In a recent intervention in the planning debate, the Prime Minister wrote to Dame Fiona Reynolds, DG of the National Trust, to reiterate his love of the countryside.
“Both as Prime Minister, as a rural constituency MP, and as an individual,” he wrote, “I have always believed that our beautiful British landscape is a national treasure. We should cherish and protect it for everyone’s benefit.”
On this morning’s eve-of-conference Andrew Marr show, he went further, declaring that he would “no further put the countryside at risk than put my own family at risk.” At the same time he defended the need for planning reforms as part of his Government’s Plan for Growth.
Love of landscape and countryside of course has a long history within Conservative thought and philosophy, stretching back at least as far as Edmund Burke. The most commonly cited recent manifestation is John Major’s famous speech of 1993, in which he wistfully evoked “long shadows on cricket grounds, warm beer, invincible green suburbs” and quoted Orwell’s line (out of context) about “Old maids bicycling to holy communion through the morning mist”. Roger Scruton’s opinion piece in the Telegraph, which alludes to GM Trevelyan’s Must England’s Beauty Perish of 1926, well illustrates this strain of modern Conservative thought.

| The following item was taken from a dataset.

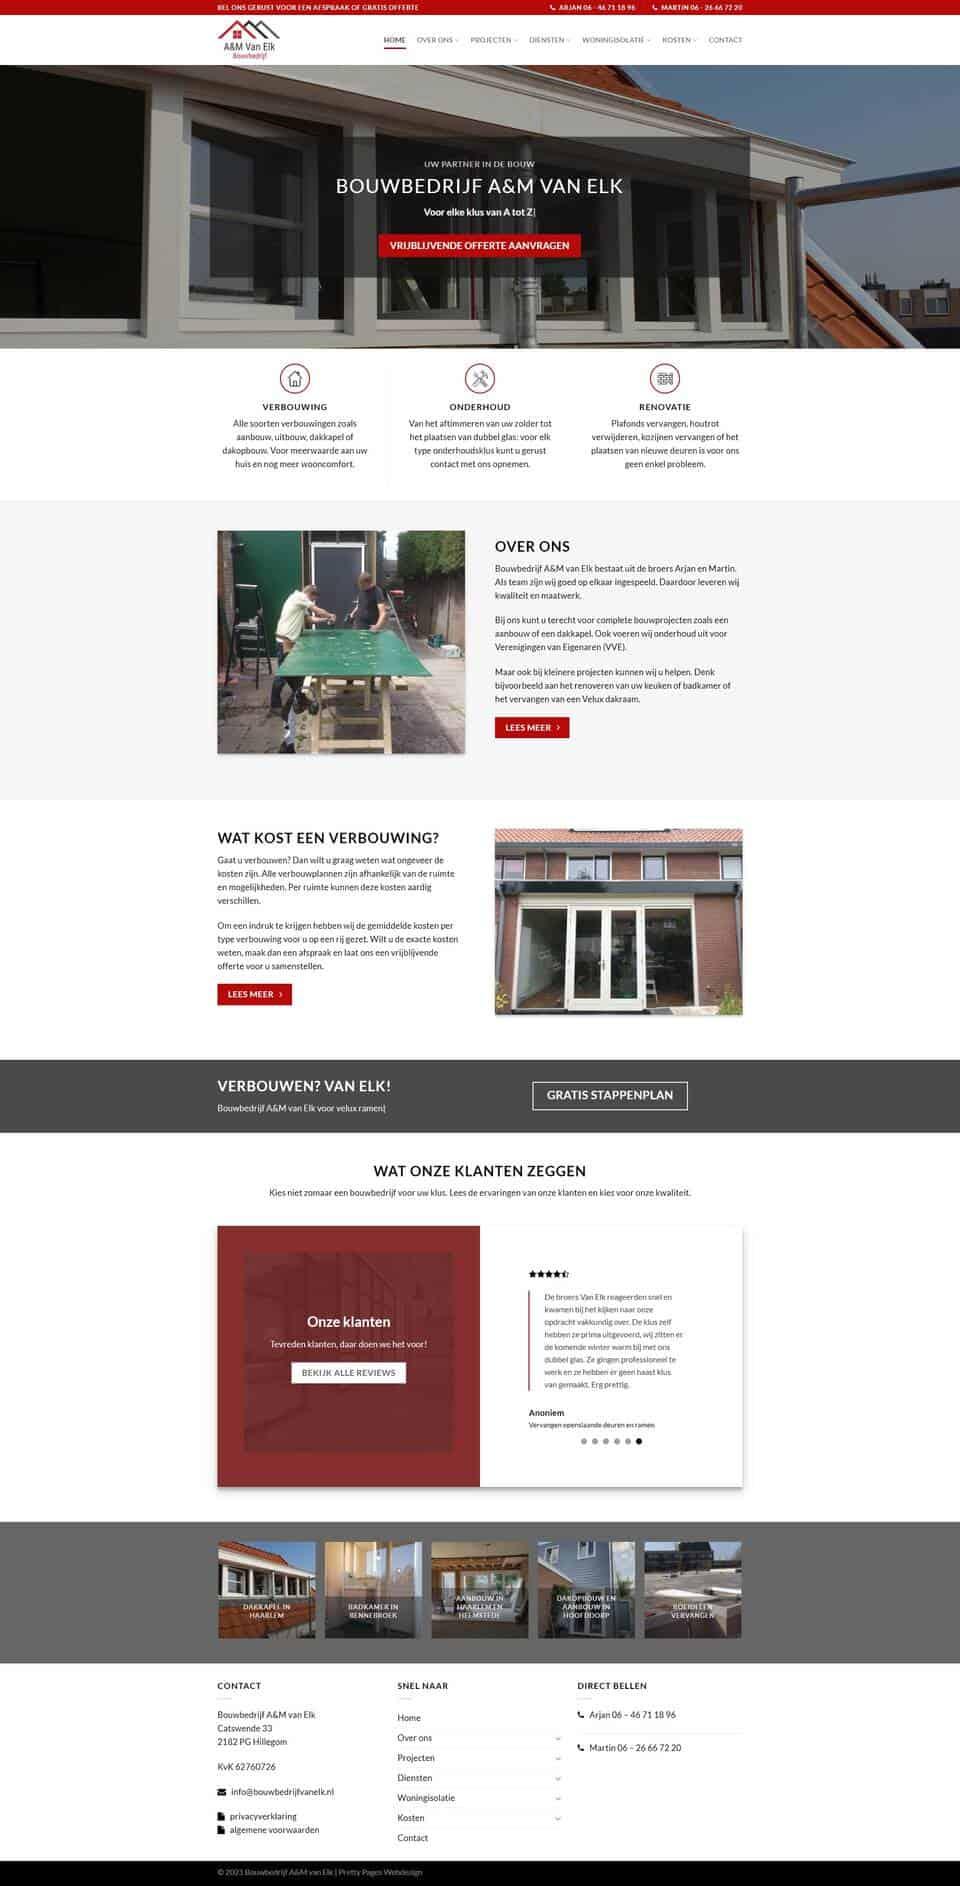 Portfolio | WordPress website Bouwbedrijf A&M van Elk gemaakt door Pretty Pages Webdesign Hillegom

Stanley Baldwin, who served in the Liberal-Conservative Coalition of the early 1920s, was Conservative PM for much of the rest of that decade, and was then a leading light in the coalition National Government of the 1930s (including as PM from 1935-7), was also given to waxing lyrical about his passion for rural scenes. Alexandra Harris, in her wonderful Romantic Moderns, cites Baldwin’s 1926 address ‘On England’:
The wild anemones in the woods in April, the last load at night of hay being drawn down a lane as twilight comes on, when you can scarcely distinguish the figures of the horses as they take it home to the farm, and above all, most subtle, most penetrating and most moving, the smell of wood smoke coming up in the autumn evening, or the smell of the scotch fires: that wood smoke that our ancestors, tens of thousands of years ago, must have caught on the air when they were coming home from a day’s forage.
As Harris argues, Baldwin’s descriptions of the countryside were couched in the language of nostalgia – as if such scenes were memories, or rapidly becoming so in the face of urbanisation and economic progress. Much like our own PM, Baldwin was skilled at harnessing emotive power in reaching out to the nation at large (and in using the media to do so). He saw the ‘love of country things’ as being ‘traditionally and subconsciously’ in the hearts even of those who had become essentially urbanised. The country, to Baldwin, represented “the eternal values and eternal traditions from which we should never allow ourselves to be separated” (all cited in Harris, p.174).
At the same time, however, such thinking within modern Conservatism can sit alongside an approach to growth and improvement that Nigel Everett once described as fundamentally Whiggish. As today’s Observer profile of George Osborne points out, the Chancellor has freely admitted to having “a metropolitan upbringing [rather] than a landed, shire-county upbringing”. The Financial Times article that he co-authored with Eric Pickles confirmed the idea that the Chancellor may not share the PM’s instinctive love of countryside.
The current Coalition is not just one between two parties, therefore. The planning reforms demonstrate two distinct sides of Conservative thought in operation, which are at times potentially in conflict with one another. The job now at hand is to find out whether there may be some middle ground that helps to achieve the twin outcome of protecting the countryside while promoting growth.